Общество, говорит, Вагнер должно поддерживаться такими же хитростями. Иллюзии придают ему прочность, и задача тех, кто управляет, заключается в том, чтобы поддерживать ее и распространять таким образом консервативные иллюзии. Самое существенное из этих явлений — патриотизм. Каждое дитя народа должно воспитываться в любви к королю, живому символу родины, и любовь эта должна стать достаточно сильным инстинктом для того, чтобы способствовать самому высшему отречению. Патриотическая иллюзия гарантирует существование государства, но ее недостаточно для гарантии высшей культуры.
Она разделяет человечество, покровительствует жестокости, ненависти и узости мысли. Властный взгляд короля охватывает и измеряет границы своего государства, а сам учитывает предельность его целей. Необходима еще другая иллюзия. Это религиозная иллюзия, догмы которой символизируют глубокое единство, мировую любовь. Король должен поддерживать эту иллюзию среди своего народа.
Если простой человек попадает во власть этих двух иллюзий, то он может вести счастливую и достойную жизнь: у него есть правила, и он спасен. Жизнь же принца и его советников более важна и опасна: они распространяют иллюзии, значит, тем самым и судят их. Жизнь встает перед ними без всякого покрывала и открывается им во всей силе своего трагизма. «Великий, исключительный человек, — пишет Вагнер, — почти ежедневно находится в состоянии простого смертного, отчаявшегося в жизни и потому готового на самоубийство. Принц и избранная благородная среда его окружающих силой своей натуры предохранены от подобного трусливого искушения. Хотя горькое желание «повернуться спиной к миру» они часто испытывают. Они для самих себя ищут успокоительных иллюзий, являясь в данном случае одновременно и авторами, и участниками. Искусство спасет их. Теперь оно выступает не для возбуждения наивного энтузиазма толпы, а для облегчения страдания духовно благородных людей, для поддержания в них чувства мужества».

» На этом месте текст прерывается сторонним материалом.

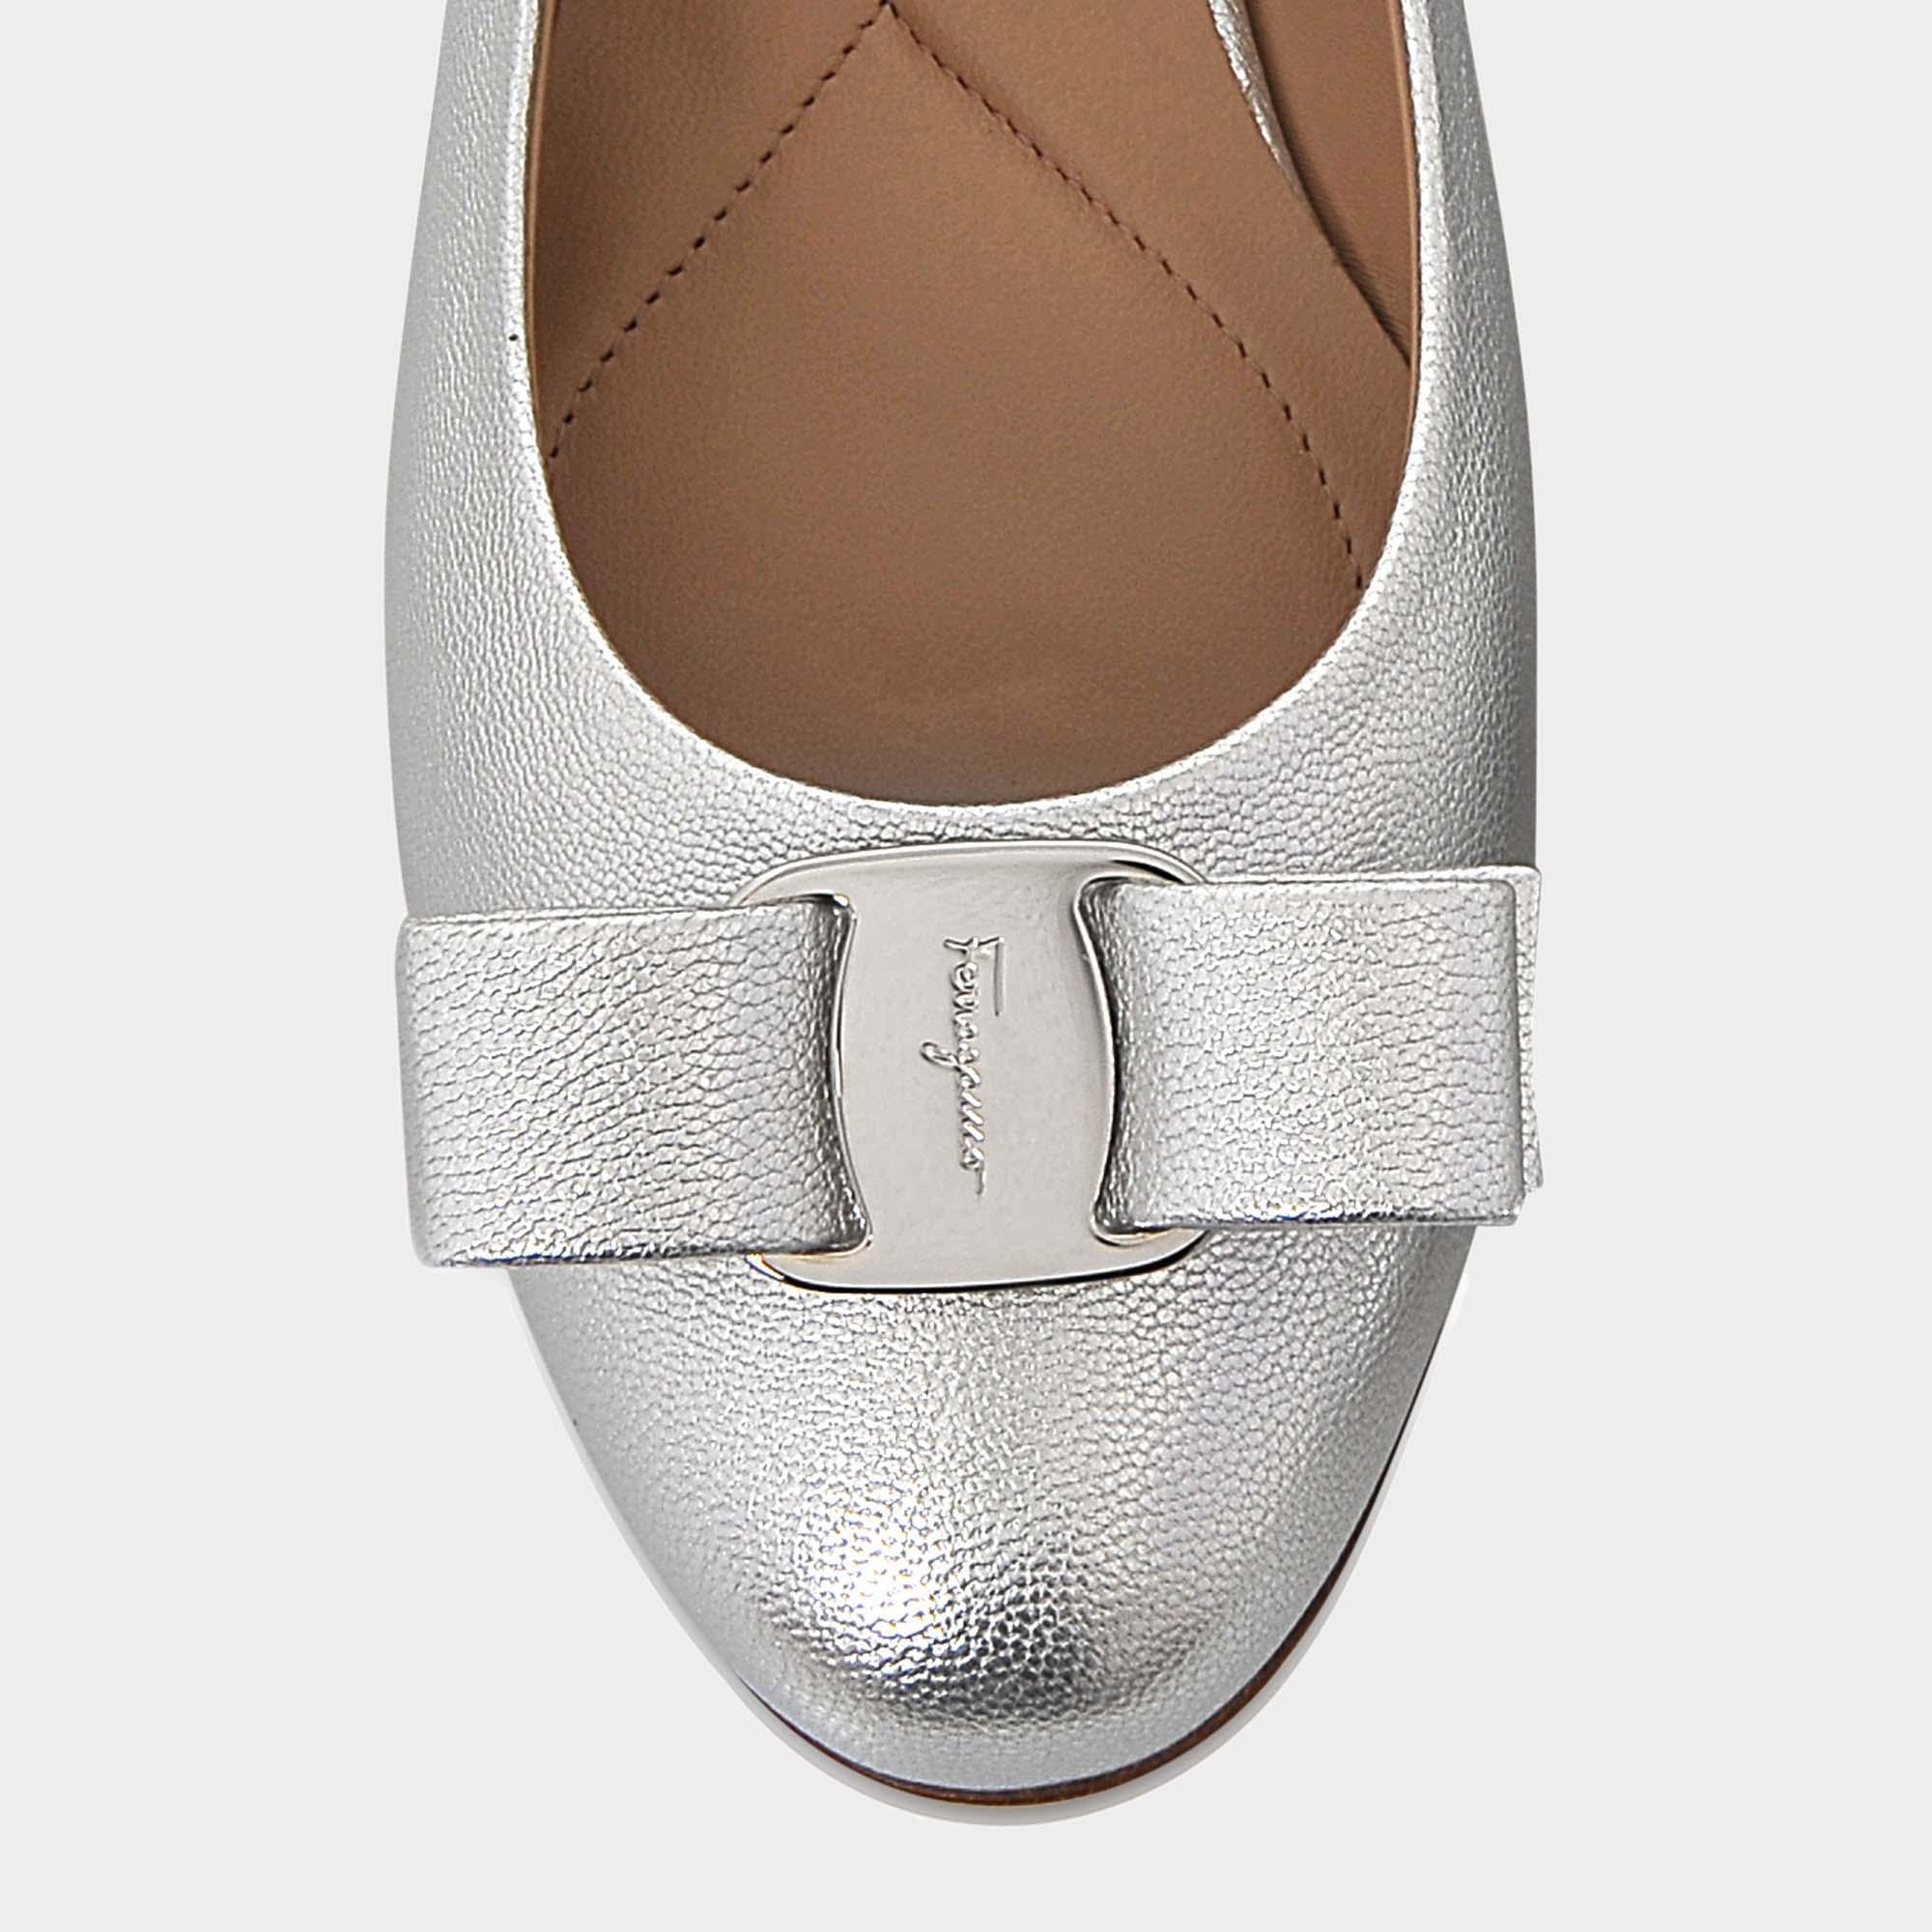 Varina Metallic Shoes in Silver Flair Silk Salvatore Ferragamo TcZvNeyNJ9

«Я показываю искусство, — пишет Вагнер, обращаясь к Людвигу II, — моему дорогому другу как благодетельную обетованную землю. Если искусство не в силах совершенно поднять нас над жизнью, то по крайней мере в самой жизни оно поможет нам возвыситься до самых высших областей. Оно придает жизни вид игры и, превращая в призрачные картины самую ужасную действительность, оно освобождает нас от общественной необходимости, радует и успокаивает нас».
«Еще вчера, — пишет Ницше 4 августа 1869 года Герсдорфу, — я читал доверенную мне Вагнером рукопись «О государстве и религии»; это великолепный трактат, написанный им для его молодого друга, баварского короля, для того, чтобы показать ему, как он, Вагнер, понимает идею государства и религии. Никто никогда еще не говорил со своим королем таким достойным философа языком. Я был крайне взволнован и потрясен подобным идеализмом, в котором я все время чувствую духовное влияние Шопенгауэра. Лучше всякого другого смертного король должен понимать всю трагедию жизни».
В сентябре, после непродолжительной поездки по Германии, Ницше снова начинает жить между Базелем и Трибшеном. В Базеле у него была работа, внимательные ученики, общество любезных коллег. Его ум, музыкальный талант, его дружба с Рихардом Вагнером, его манеры и изящество создавали ему известный престиж. Его приглашали в лучшие дома, и он не отказывался от знакомств. Но самые лучшие отношения не стоят простой дружбы, а среди этих честных буржуа у Ницше не было ни одного друга. Его не удовлетворяет Базель; вполне хорошо он чувствовал себя только в Трибшене.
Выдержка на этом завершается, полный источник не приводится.